## WORK TASK
A verbatim restatement of the data, free of pictures, is what you should output.

## RECORDED INFORMATION
──────────
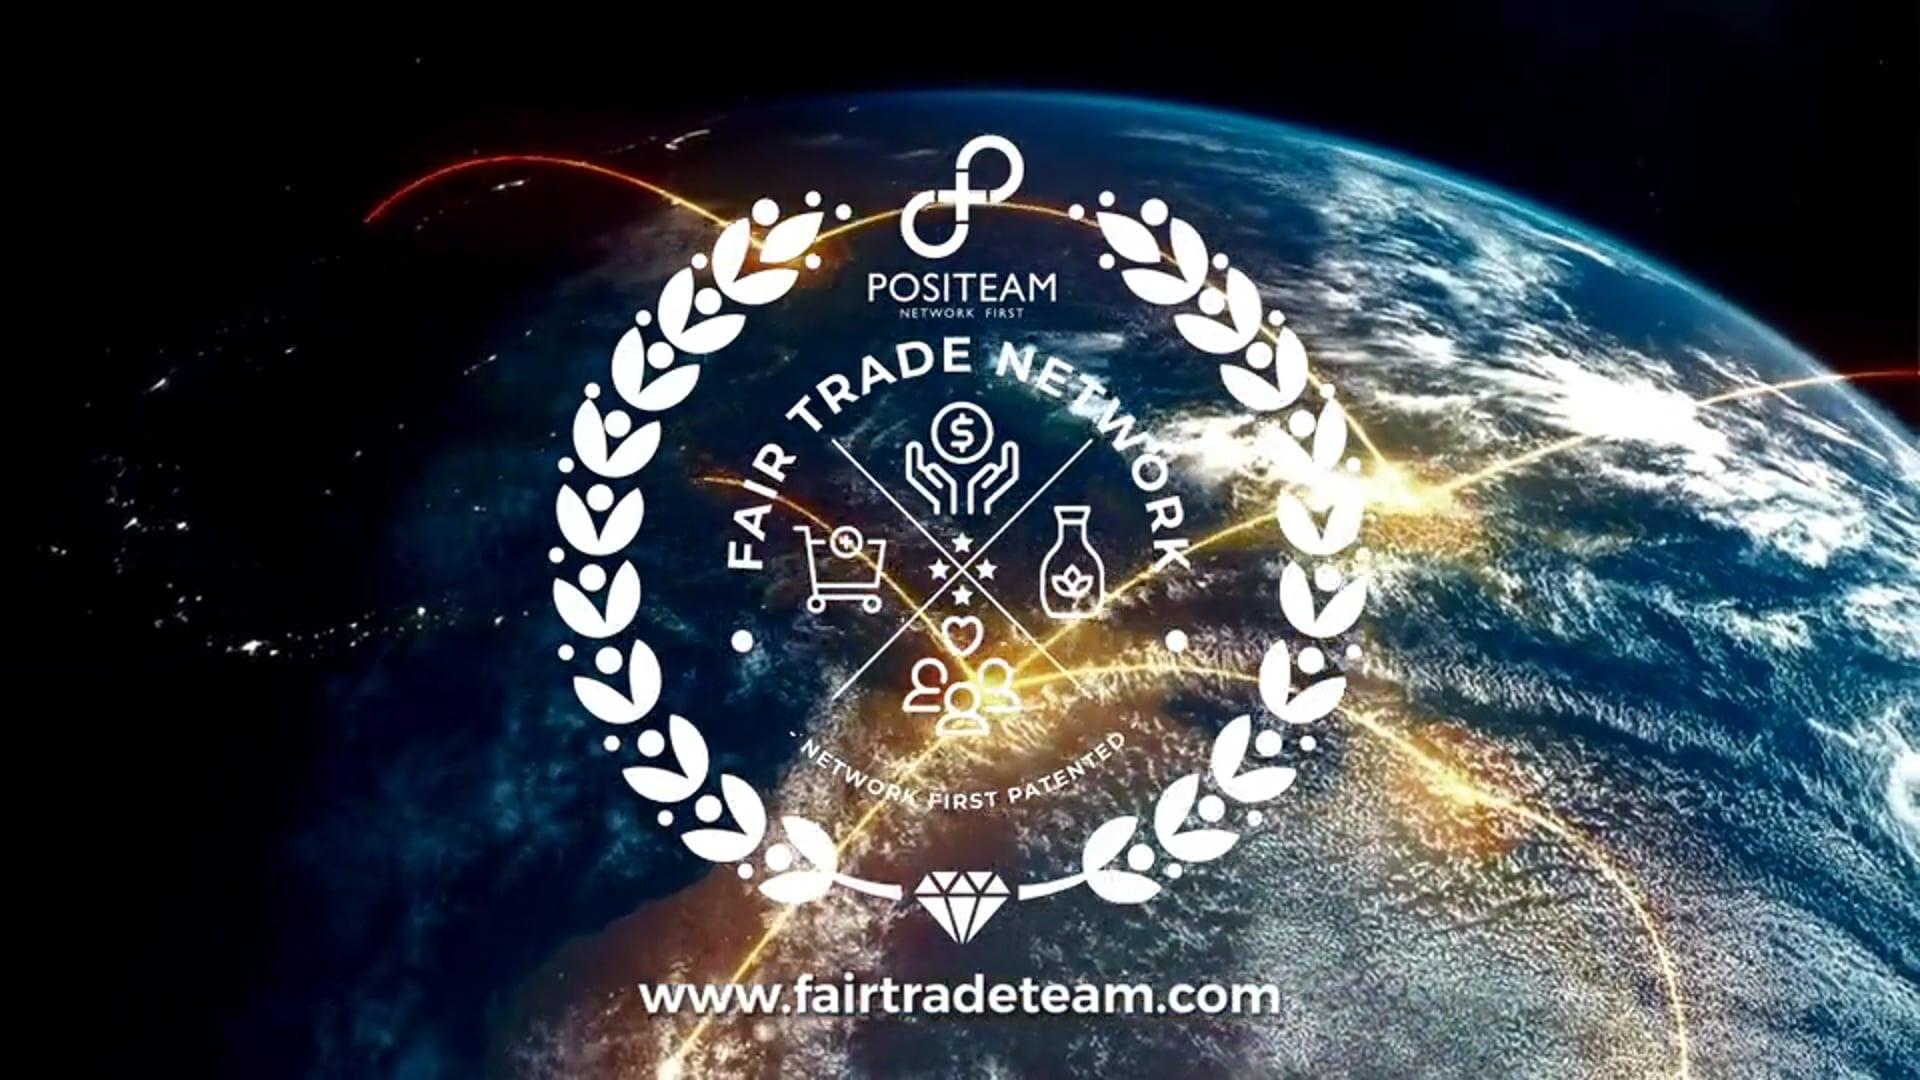 Positeam Fair Trade Network exclusive prelaunch invitation. Eu-Countries and UK
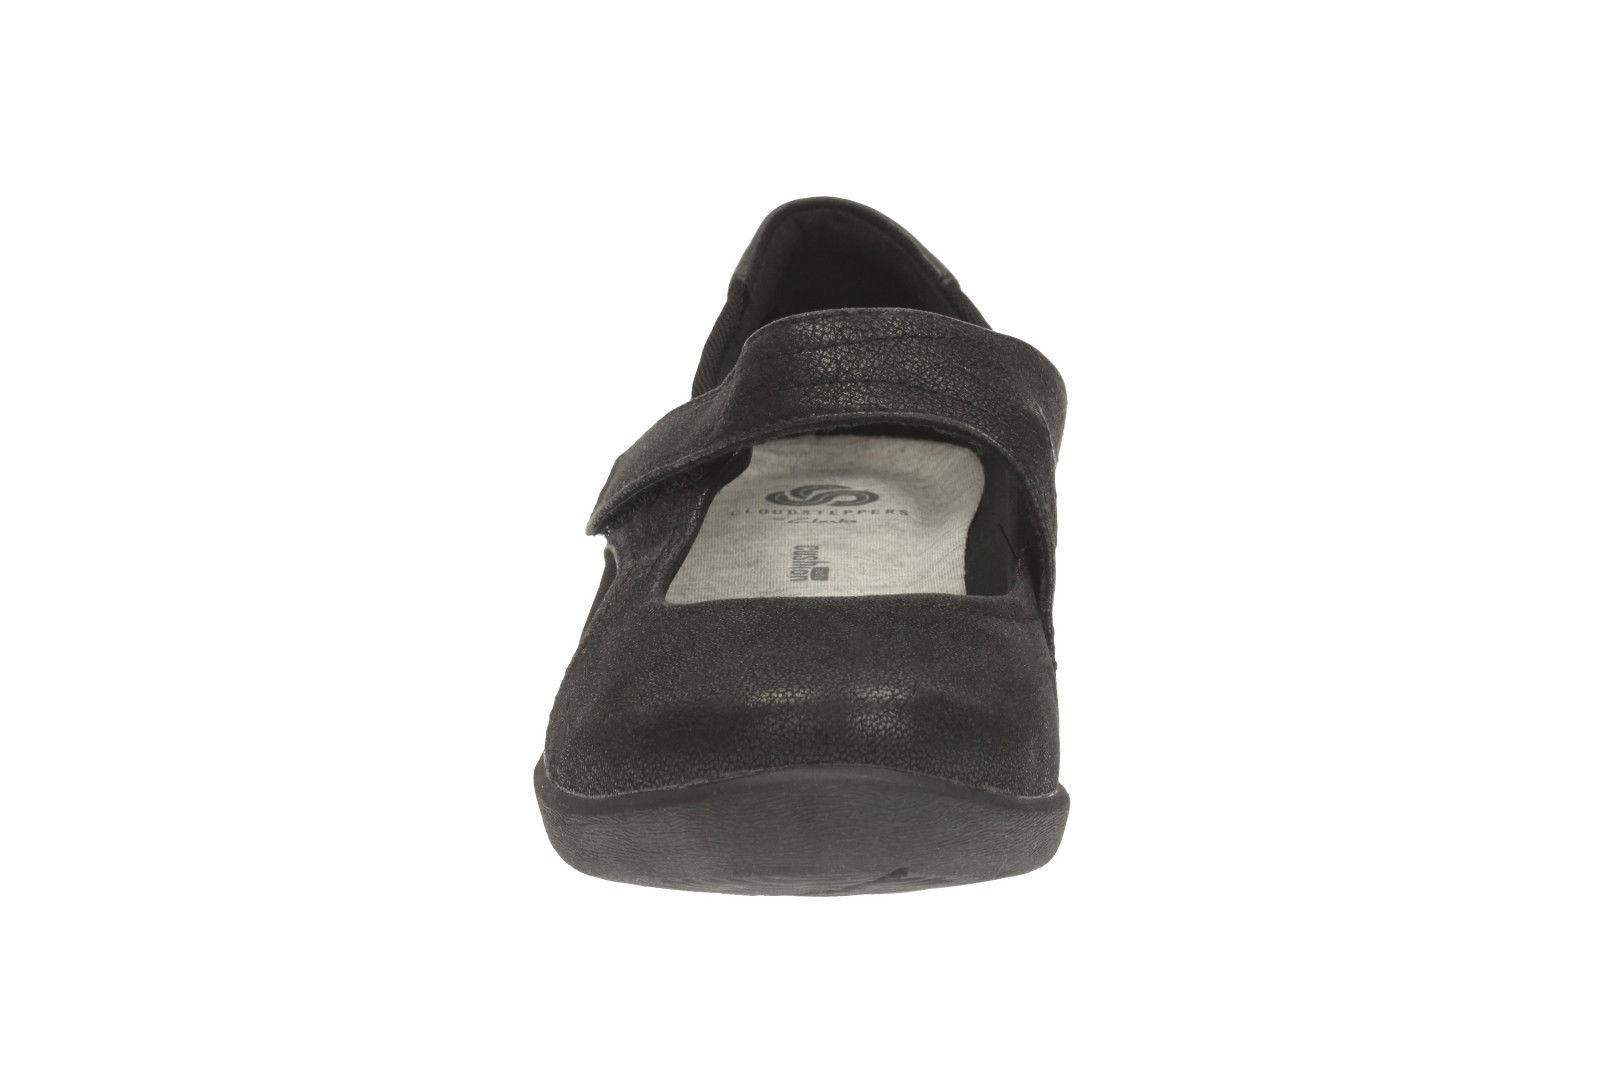 Clarks Artisan Mary Jane Nubuck Shoes
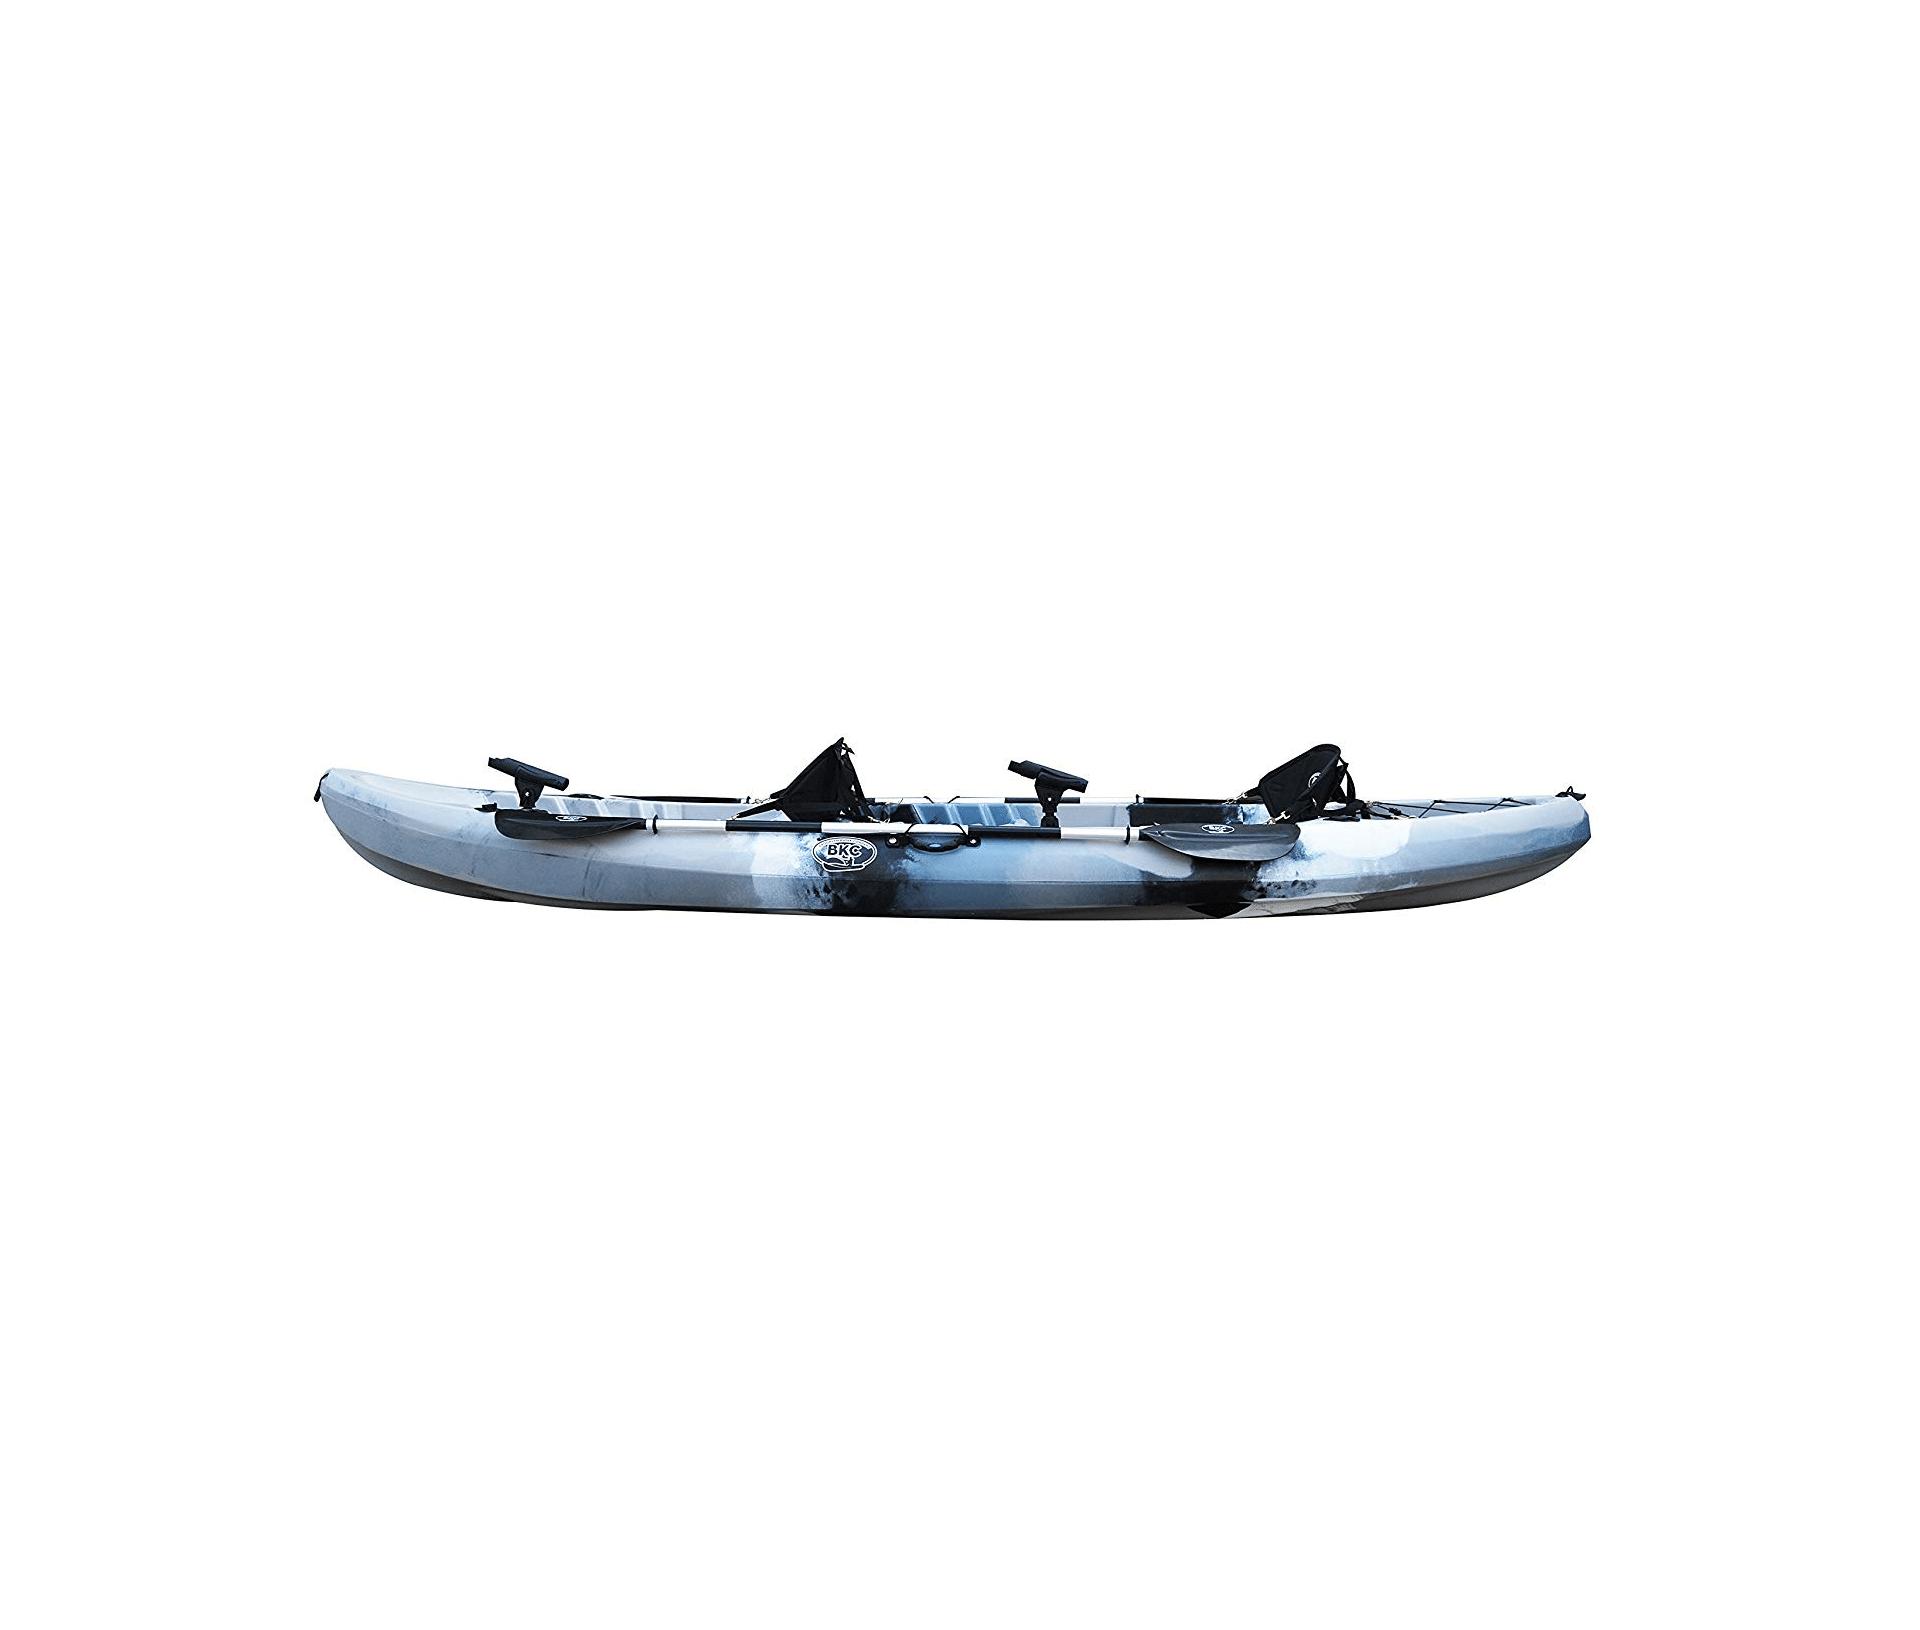 Brooklyn Kayak Company UH-TK219 12-Foot Kayak
──────────
## RESPONSE TO THE TASK
 Positeam Fair Trade Network exclusive prelaunch invitation. Eu-Countries and UK
 Clarks Artisan Mary Jane Nubuck Shoes
 Brooklyn Kayak Company UH-TK219 12-Foot Kayak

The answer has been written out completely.